Minimal Sensor Placement for Generic State and Unknown Input Observability

TL;DR

This paper investigates the minimal sensor placement problem for ensuring state and input observability in linear systems with unknown inputs, revealing its NP-hardness and proposing bounds and algorithms for approximate solutions.

Contribution

It provides refined conditions for sensor placement in structured systems, proves NP-hardness of the problem, and introduces polynomial-time bounds and a two-stage approximation algorithm.

Findings

Determined the NP-hardness of minimal sensor placement for unknown inputs.

Established polynomial-time bounds for the placement problem.

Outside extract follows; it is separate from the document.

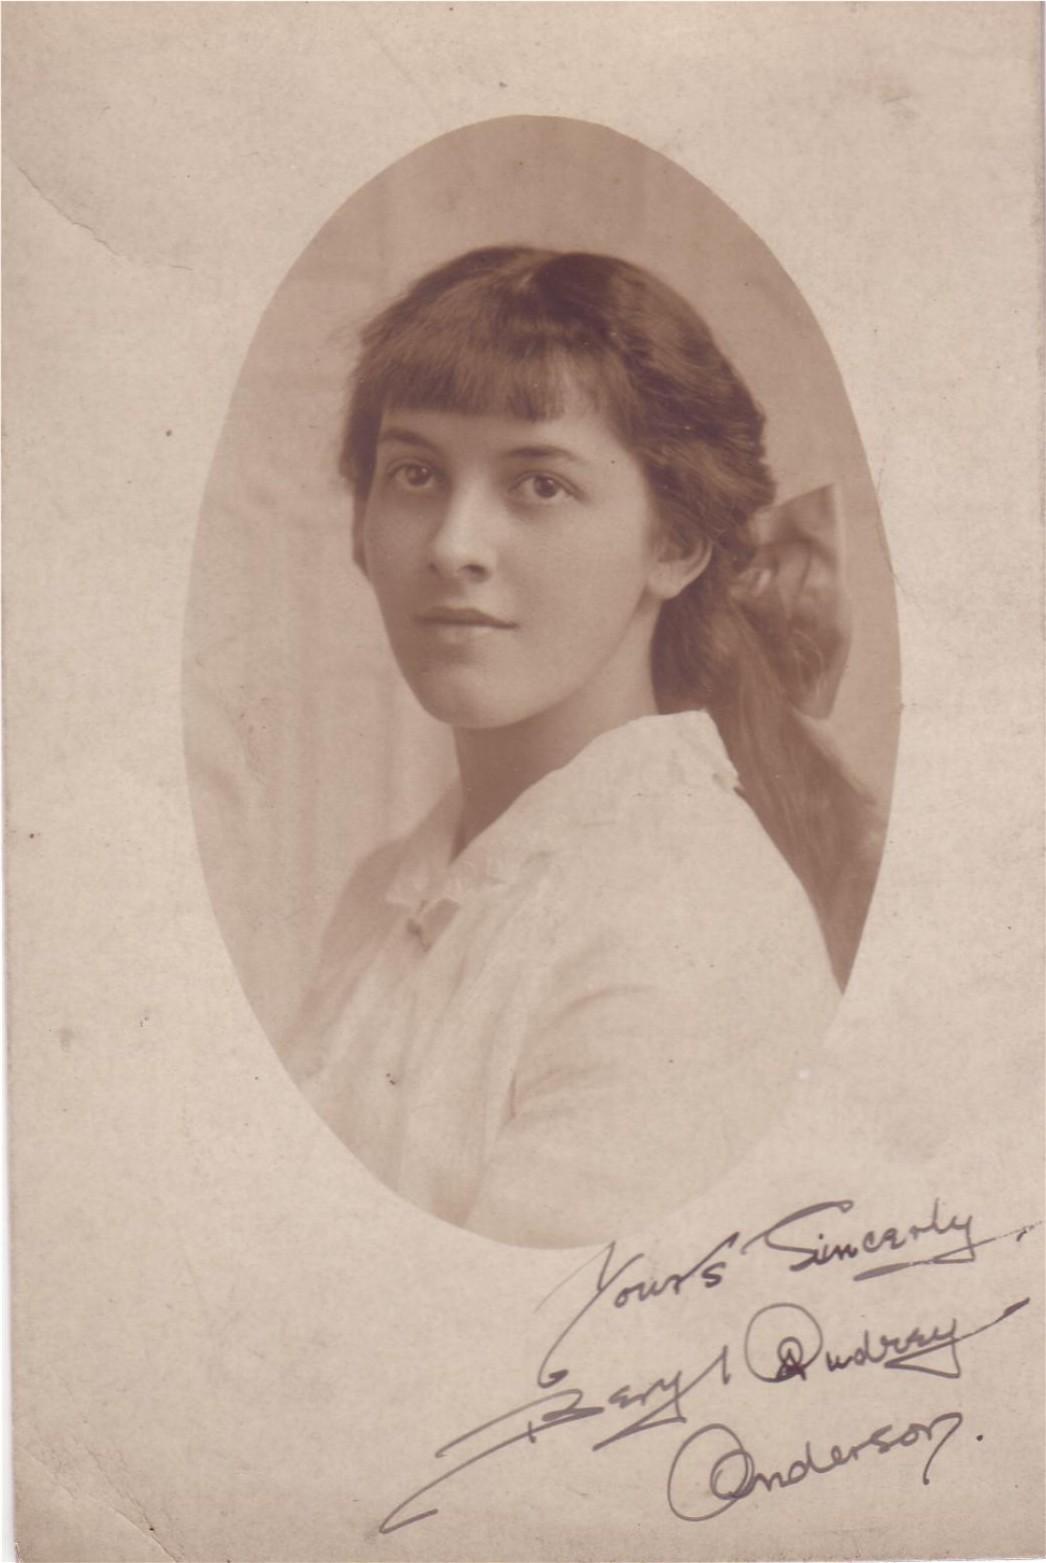 Audrey J. Anderson

Developed a two-stage polynomial-time approximation algorithm.

Abstract

This paper addresses the problem of selecting the minimum number of dedicated sensors to achieve observability in the presence of unknown inputs, namely, the state and input observability, for linear time-invariant systems. We assume that the only available information is the zero-nonzero structure of system matrices, and approach this problem within a structured system model. We revisit the concept of state and input observability for structured systems, providing refined necessary and sufficient conditions for placing dedicated sensors via the Dulmage-Mendelsohn decomposition. Based on these conditions, we prove that determining the minimum number of dedicated sensors to achieve generic state and input observability is NP-hard, which contrasts sharply with the polynomial-time complexity of the corresponding problem with known inputs. We also demonstrate that this problem is hard to approximate within a factor of $(1-o(1)){\rm{log}}(n)$, where $n$ is the state dimension. Notwithstanding, we propose nontrivial upper and lower bounds that can be computed in polynomial time, which confine the optimal value of this problem to an interval with length being the number of inputs. We further present a special case for which the exact optimal value can be determined in polynomial time. Additionally, we propose a two-stage algorithm to solve this problem approximately. Each stage of the algorithm is either optimal or suboptimal and can be completed in polynomial time.